Scientists from Ohio State University have been mounting expeditions to study Quelccaya since 1974

Notice the accrual of meltwater lakes in the later image, particularly along the ice cap's western side. Many of these lake basins, carved by moving ice, have lost contact with the ice that formed them. The ice cap also feeds the Vilcanota River and Lake Sibinacocha (west of this image) and has long been an important water source for people living nearby and downstream.

Some of the lakes have already come and gone during the span of these images, including one that in November 2022 produced a glacial lake outburst flood (GLOF). Shuman detected the event in Landsat images showing the emptying of a lake on the ice cap’s eastern side and a long path where the rushing floodwater had scoured the vegetation. The flood scar is still visible in this 2023 image.

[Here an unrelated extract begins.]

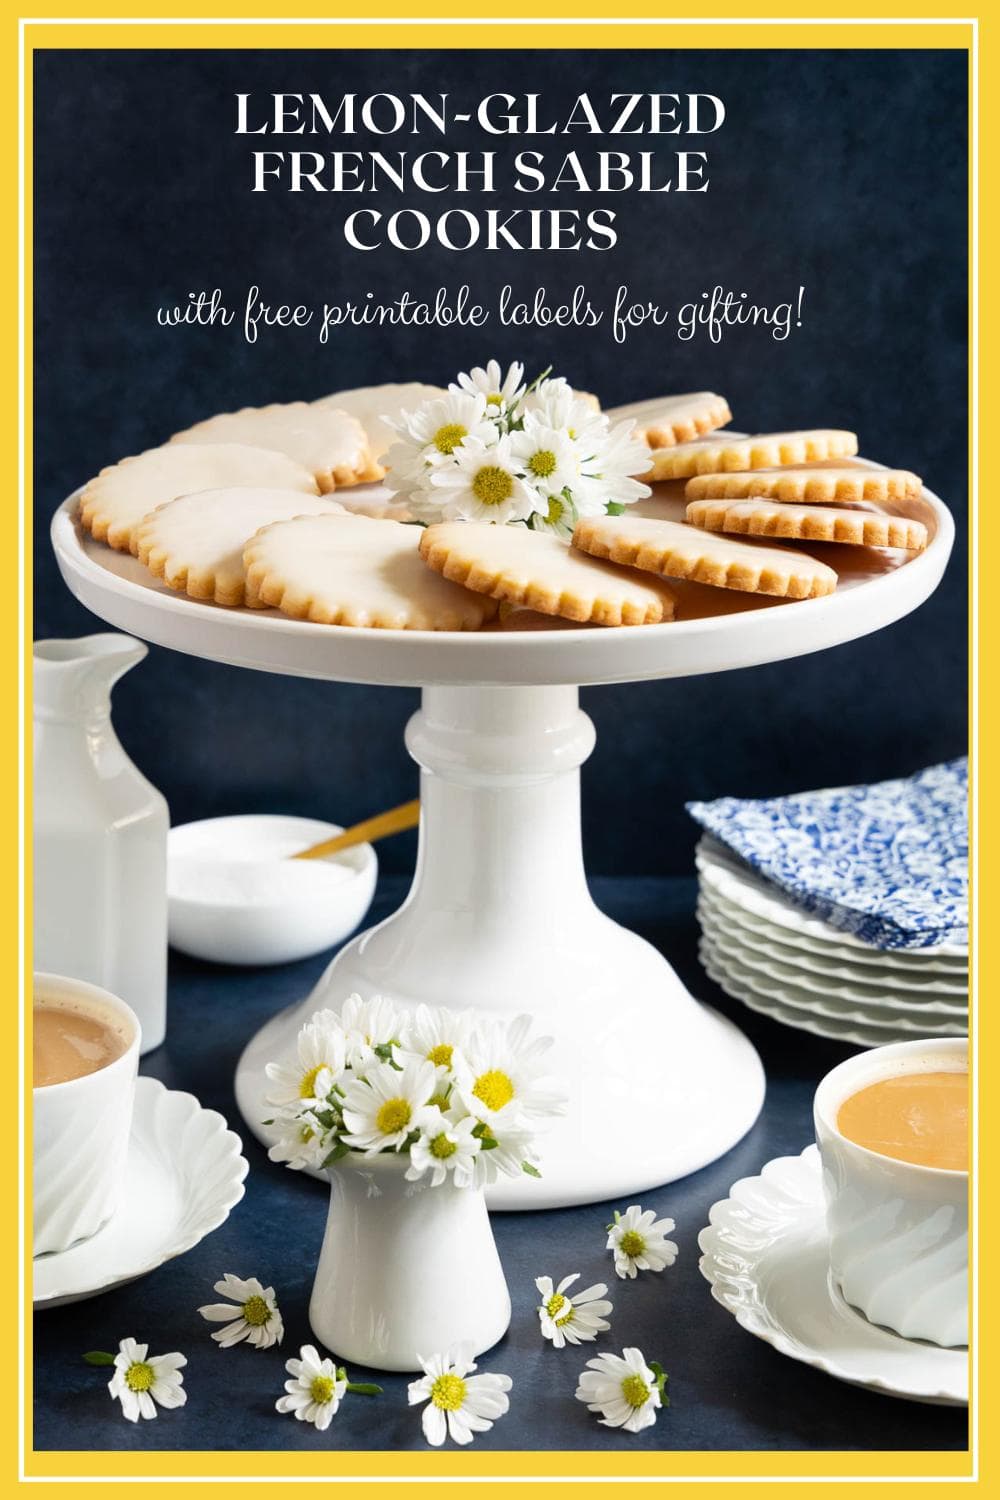 Lemon-Glazed French Sable Cookies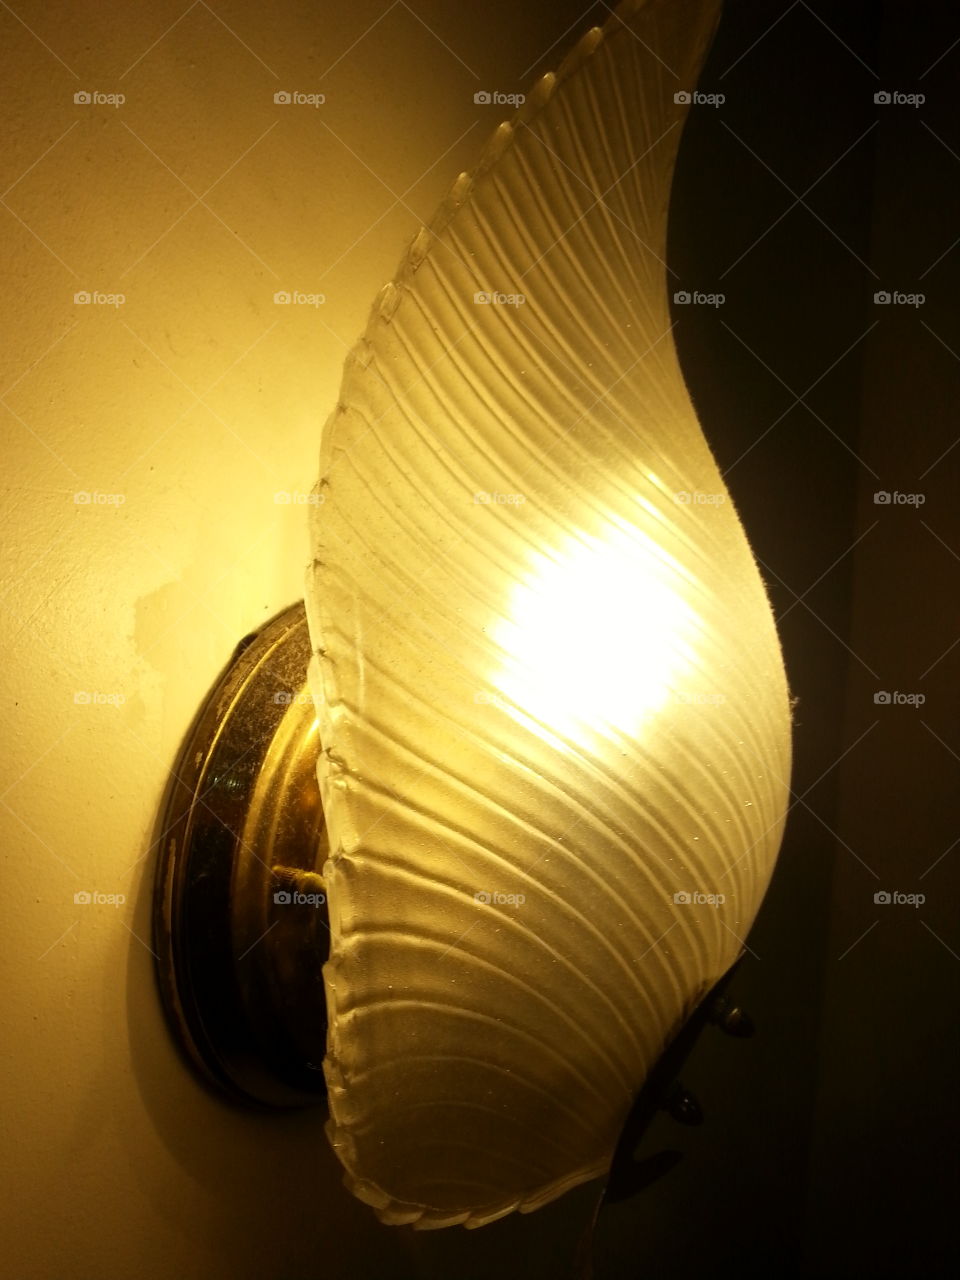 My wall light

Landsat images have been used to document the ice cap's retreat to local officials and indigenous people

Before Landsat satellites revealed the decadal changes, scientists already knew the ice cap was shrinking. Since 1974, Lonnie Thompson and colleagues from Ohio State University have been mounting expeditions to study Quelccaya up close. “Both ground-based and satellite images allow the documentation of the rates of glacier retreat, which now average about 14 meters per year,” Thompson said. Thompson’s team has shared Landsat images documenting the ice cap’s retreat with local officials and indigenous people living near the ice cap.

Ice cores from the uninhabited Quelccaya glacier preserve climate records over the past 1,800 years

As the planet’s tropical glaciers are being lost, so are the temperature and climate records long preserved in their ice. Thompson’s team has drilled ice cores from many tropical glaciers, including Quelccaya. By analyzing the layers in these cores, scientists can get a near-annual record of air temperatures and atmospheric composition dating back 1,800 years.

“Tropical glaciers might represent our only opportunity to capture global mean temperature changes through time, as well as how climate and the environment have changed in an area that represents 50 percent of the surface area of our planet and where over 50 percent of our 8 billion people live,” Thompson said.

The Quelccaya Glacier is estimated to be gone by the end of the 21st century

At Quelccaya, that record could be gone by the end of the 21st century—the expected timeframe for the ice cap’s demise. “The only proof of its existence will be the land-based and satellite monitoring records,” said Thompson.